Migration and Colonization in Human Microevolution.

Alan G. Fix. Cambridge University Press, Cambridge. 1999. Pp. 236. Price £40.00, hardback. ISBN 0 521 59206 2.

During the twentieth century various biological disciplines tried to reconstruct and understand the origin and past history of modern humans. For anthropologists and human geneticists the study of microevolution, i.e. the factors affecting the variation of gene frequency patterns, has been the major field of investigation. In the early thirties, Fisher developed a systematic theory of evolution by natural selection and predicted that in a large population even slight selective differentials could replace a less advantageous twentieth with a more favoured one. At the same time Wright also developed a general theory of evolution and his argument was based on the fact that a species is composed of many small and nearly isolated subpopulations and within most there exist some boundaries to breeding. The size of these isolates is very important in the evolutionary process and assuming the population is randomly mating and there is no selection or mutation, such subdivisions will show genetic differentiation as a result of chance processes. When the isolation is partial the rate of divergence will depend on the amount of migration or gene flow. Gene flow between subpopulations retards the process of genetic differentiation. It is obvious therefore that in addition to conventional genetic factors, an understanding of demography, ecology, environment of the natural habitat, social behaviours and all other factors which promote migration and colonization are very important for understanding present day population structure. Since extensive information was available from historical records of the social and demographic structure of the human population, this led to the development of many classical models of population structure. More recently computer-intensive simulation methods have been developed which allow the study of migration and its effects through time, during the microevolution of humans.

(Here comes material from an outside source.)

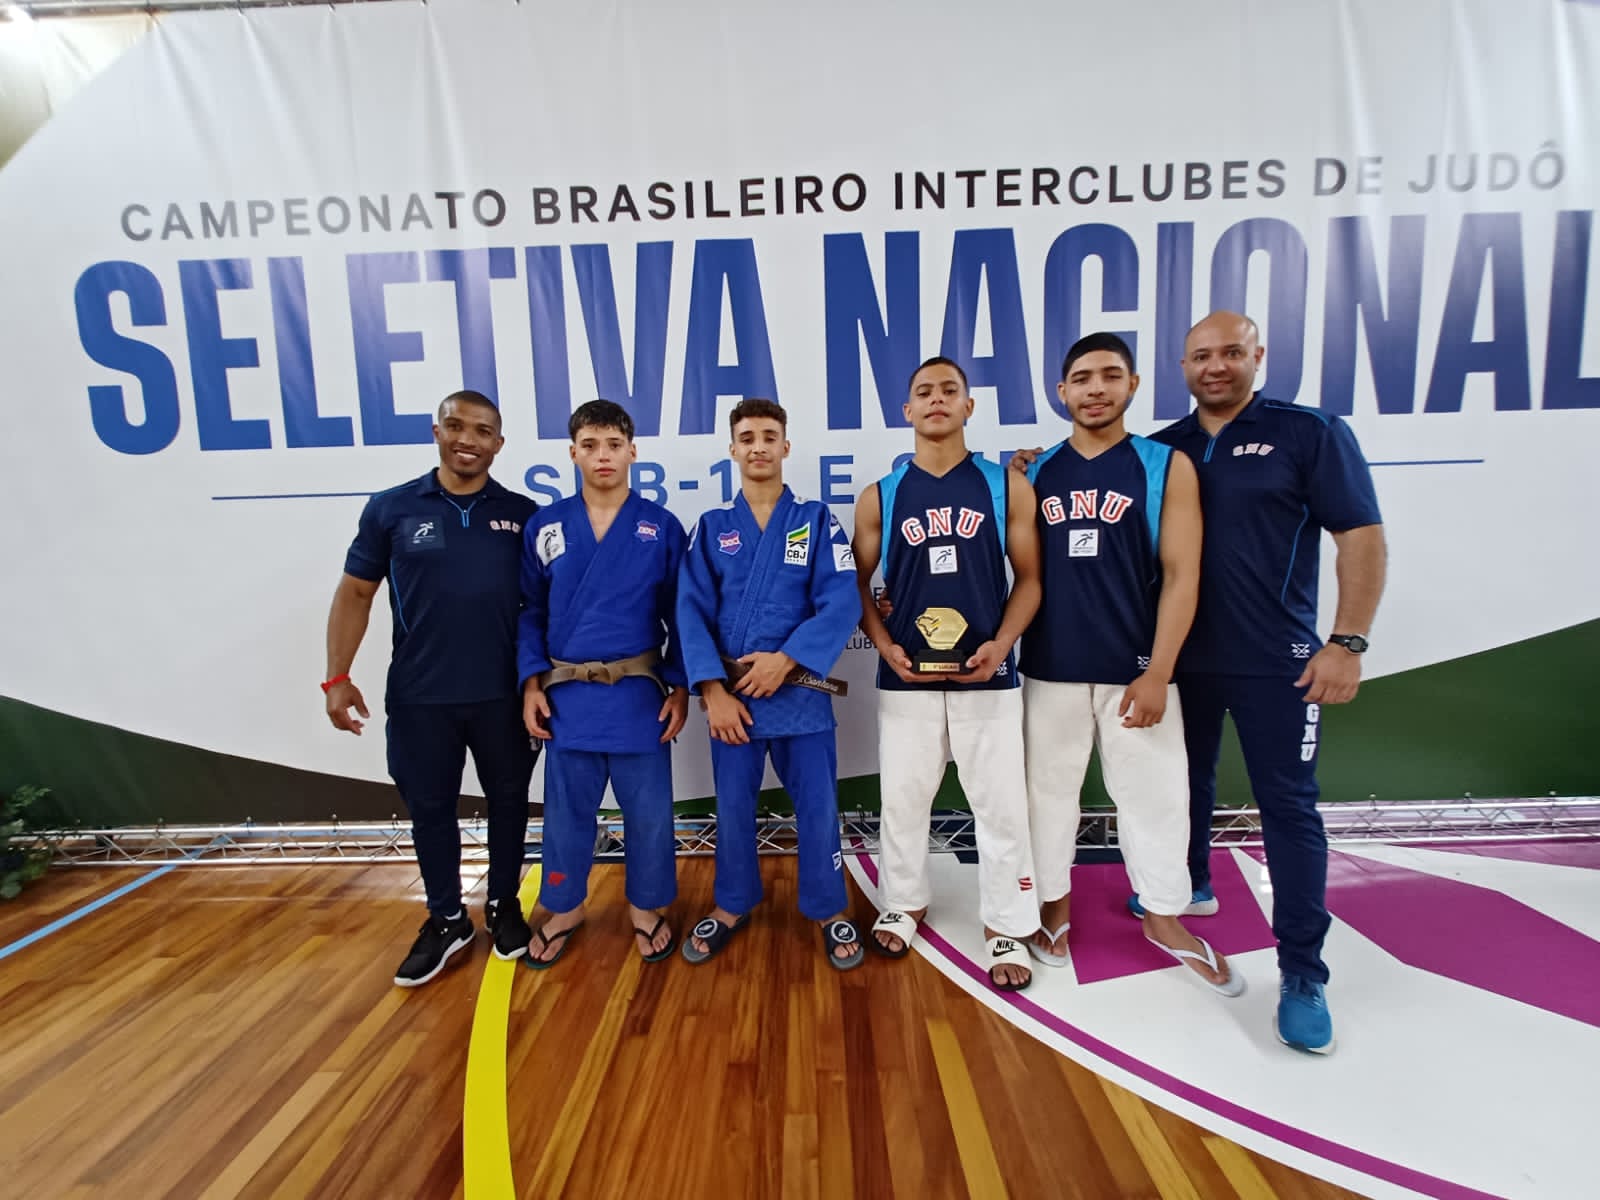 Campeonato Brasileiro Interclubes CBI® - Seletiva Nacional SUB 18 - 2023/2024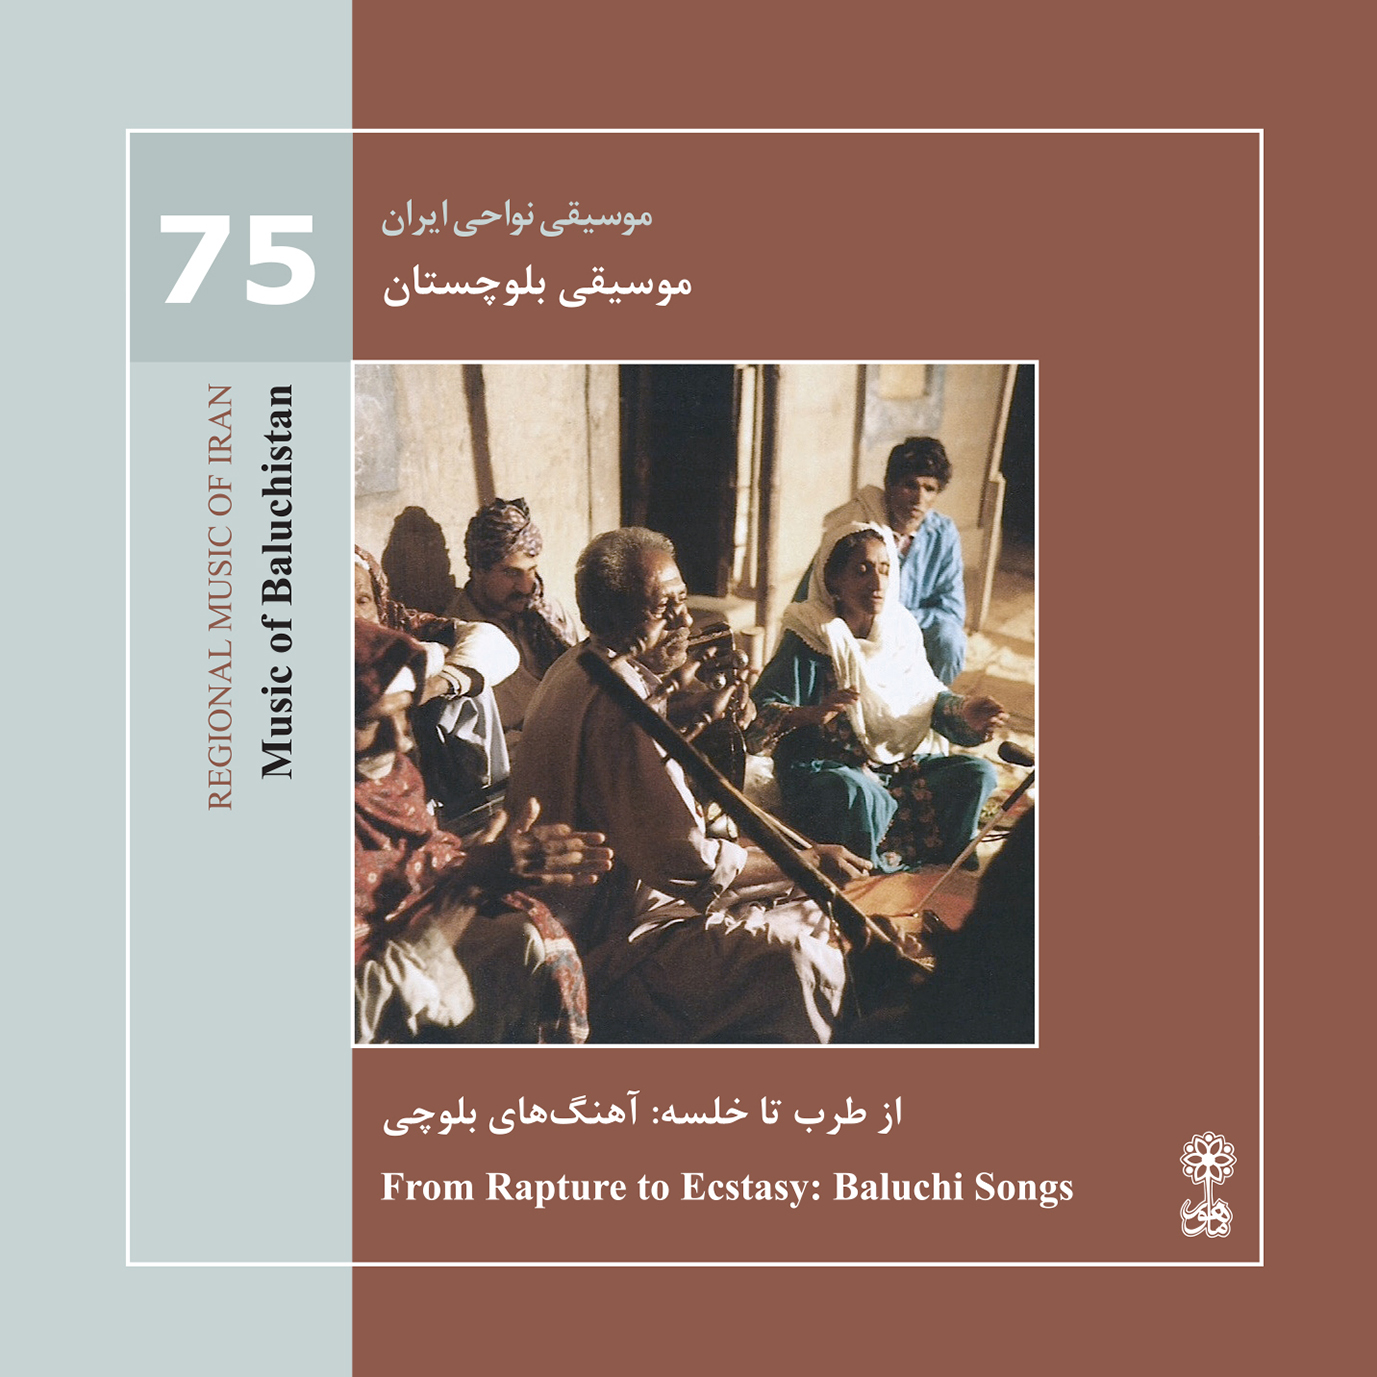 موسیقی بلوچستان (موسیقی نواحی ایران  ۷۵)

The other vital achievement of the late 1900s was a revolution in the development of methodologies for genome analysis. There was a sudden explosion of new molecular markers, which helped in the reconstruction of the history of human migration and in testing explanations for demic diffusion. The spread of Homo sapiens sapiens to occupy the New World, colonization of Oceania and expansion through Europe via demic diffusion of agriculture were initially investigated using classical markers (blood groups, enzymes and proteins, human leucocyte antigens and immunoglobulin allotypes), but later confirmed by the study of autosomal (STRs) and sex-related mitochondrial and Y chromosome markers. With all these new inventions and the sequential expansion of population genetics in mind, Alan Fix has attempted to trace the role of migration in human populations by taking examples of well investigated populations which vary extensively in population density, land occupied and social integration.

The book includes six chapters. In the first migration is examined through causal models based on the overlapping interest in migration among different biological disciplines. As the book uses detailed data on human migration from anthropological and historical sources this chapter defines the basic terminology used in later ones. Chapter 2 is very interestingly designed. It selects populations from different parts of the world, representing diverse social and environmental conditions, with very variable densities. For low population density, extensive land use and family groups it includes the populations of Yolgnu (Australia), Kung-San (South Africa) and Aka pygmies (Central Africa), while for low to moderate density, extensive agriculture and local kin groups it selects the populations Vaupes and Yanomama (Lowland Amazonia), Semai-Senoi (Malaysia) and Gainj-Kalam (New Guinea). For high density, intensive agriculturist and local groups and castes, the populations covered are the Basques (Spain), Oxfordshire populations (England) and Uttar Pradesh (India). No perfect correlation was observed between migration pattern and the continuum of increasing population density, intensity of land use and socio-cultural integration; however, all these factors have been shown to affect mobility and marriage patterns or gene flow.

The next two chapters deal with highly computer-intensive methods for analysis of human migration. Chapter 3 includes classic population genetic models (the island, isolation by distance, stepping-stone, migration matrix and neighbourhood-knowledge models) of migration and population structure. The merits of these models are examined by using basic variables (life-cycle timing, unit of migration, kin structure, population size, geography and distance) identified from populations studied in the previous chapter. In Chapter 4 more complex computer simulation models explore further the consequences of these variables. Chapter 5 focuses attention on the large-scale migrations within continental boundaries and colonization of the vast territories of the New World and Oceania. Several controversies are addressed concerning the origin and spread of Homo sapiens and the variation in genetic diversity observed for different types of classical and molecular markers among different continental populations. It is suggested that migration may explain some existing controversial issues. Chapter 6 draws concluding epilogues from various sections dealt with in the foregoing chapters. There is also a detailed list of references and a satisfactory subject index.

This book has several interesting features. It is written in simple language and avoids extensive mathematical equations. As a result, is likely to be popular among readers from a large number of biological disciplines. For those working with the analysis of human diversity it provides an important introduction to the use of extensive datasets on classical and molecular haplotype markers in the resolution of the microevolutionary debate concerning our species. In addition to the anthropogeneticist this book is highly recommended for all biological research workers who are interested in understanding the role of migration in evolution.